::: SUPPLIED DATA :::

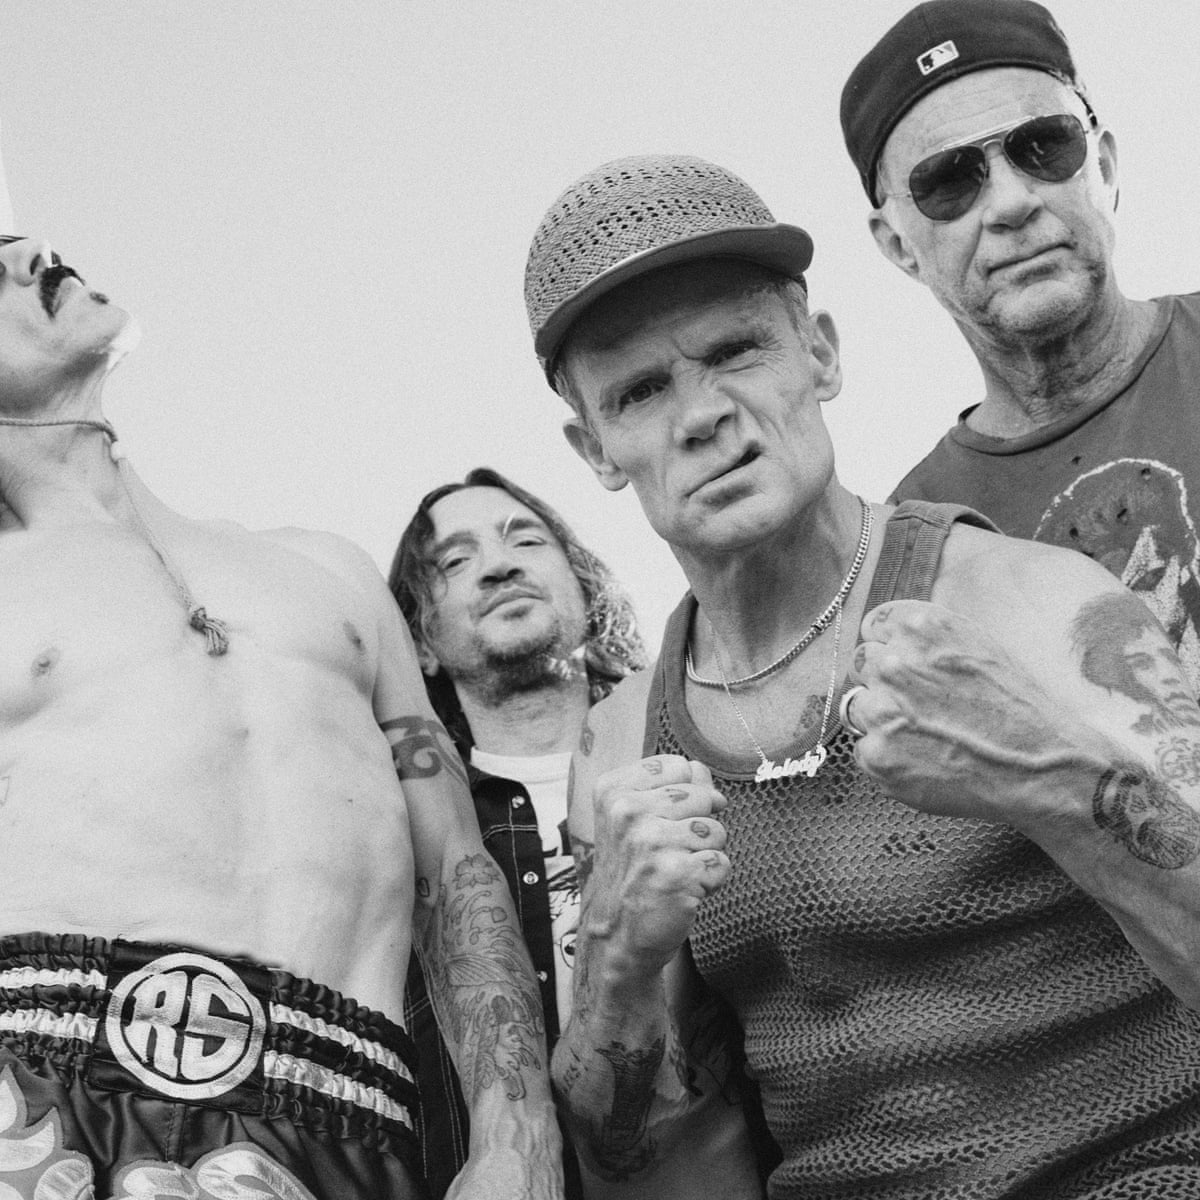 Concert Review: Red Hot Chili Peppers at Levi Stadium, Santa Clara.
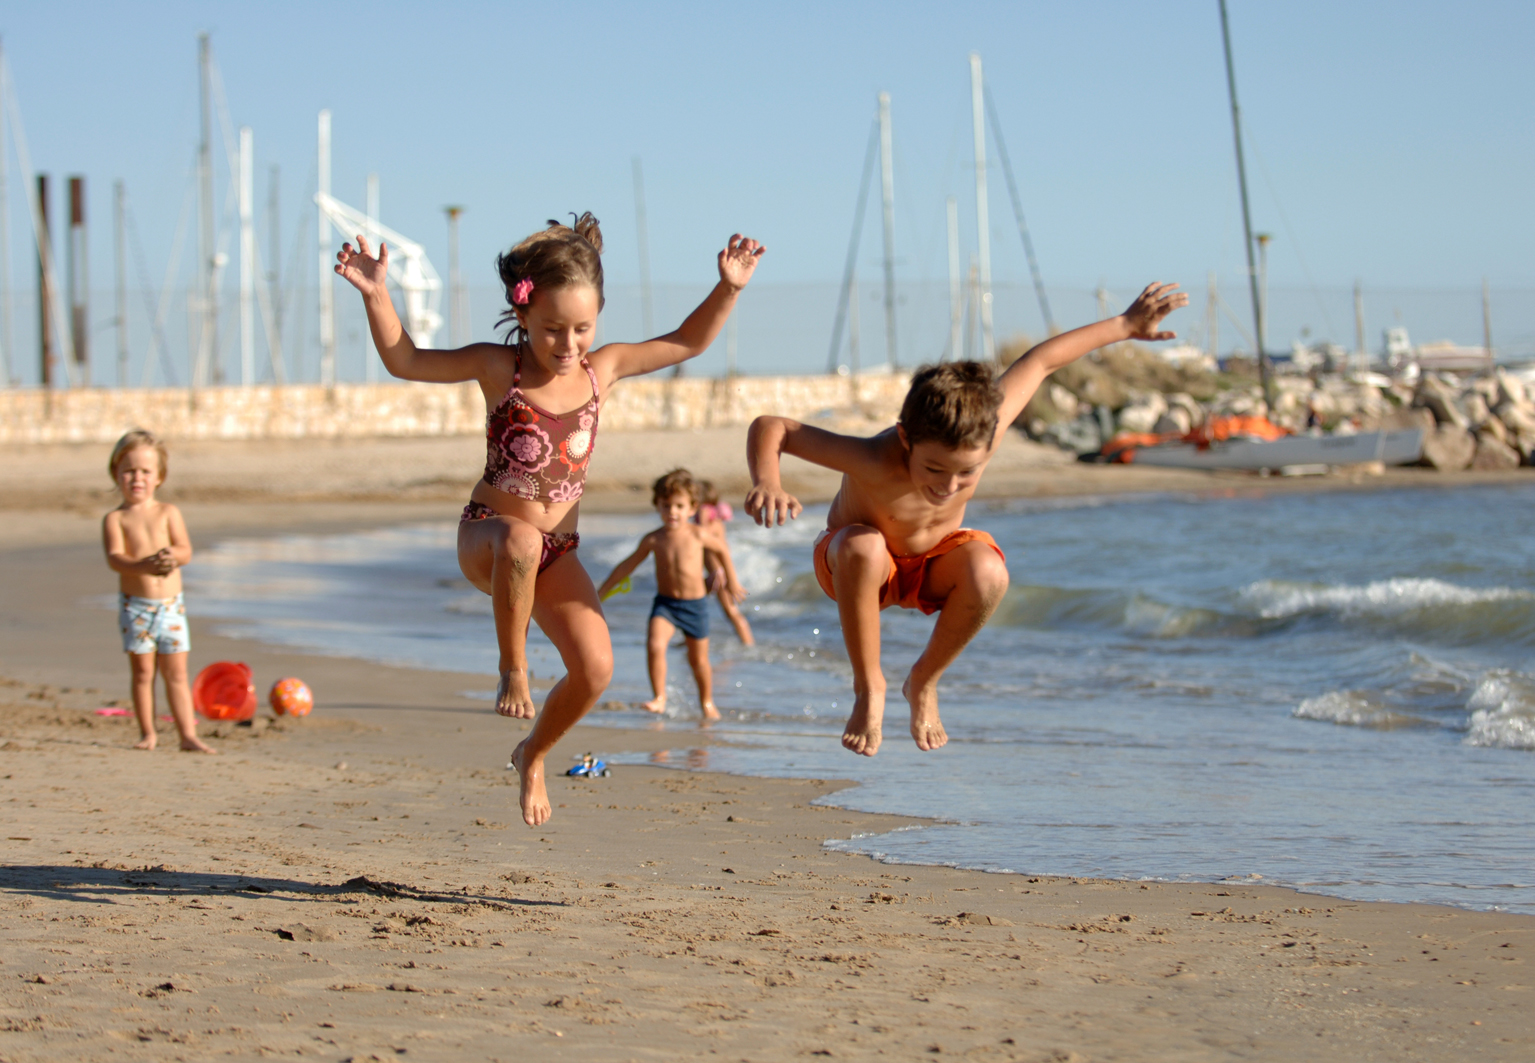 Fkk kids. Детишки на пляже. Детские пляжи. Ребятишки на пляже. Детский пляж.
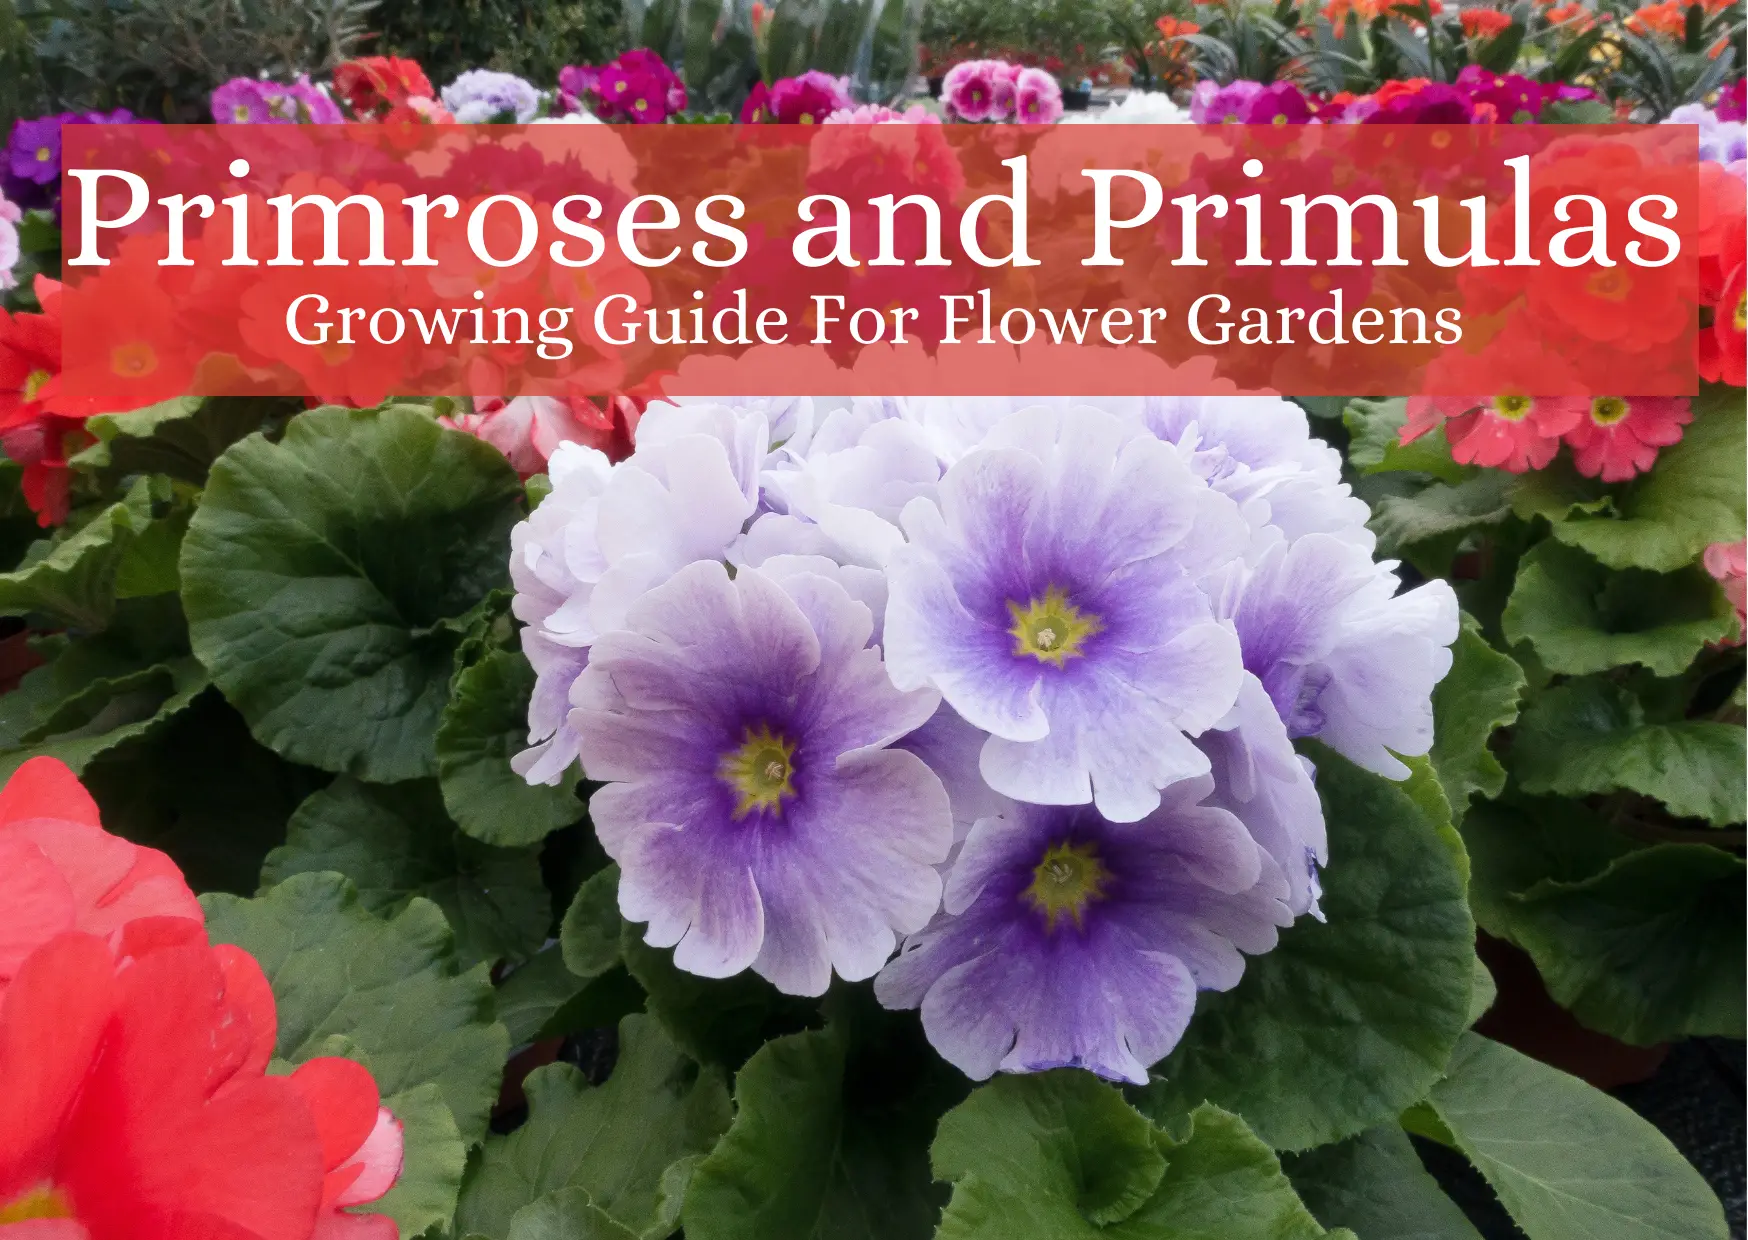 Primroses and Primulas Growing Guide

:::

## DIRECTIONS
Keep the pictures out of the copy and write out the data exactly as it stands.

## ANSWER TO THE EXERCISE
 Concert Review: Red Hot Chili Peppers at Levi Stadium, Santa Clara.
 Fkk kids. Детишки на пляже. Детские пляжи. Ребятишки на пляже. Детский пляж.
 Primroses and Primulas Growing Guide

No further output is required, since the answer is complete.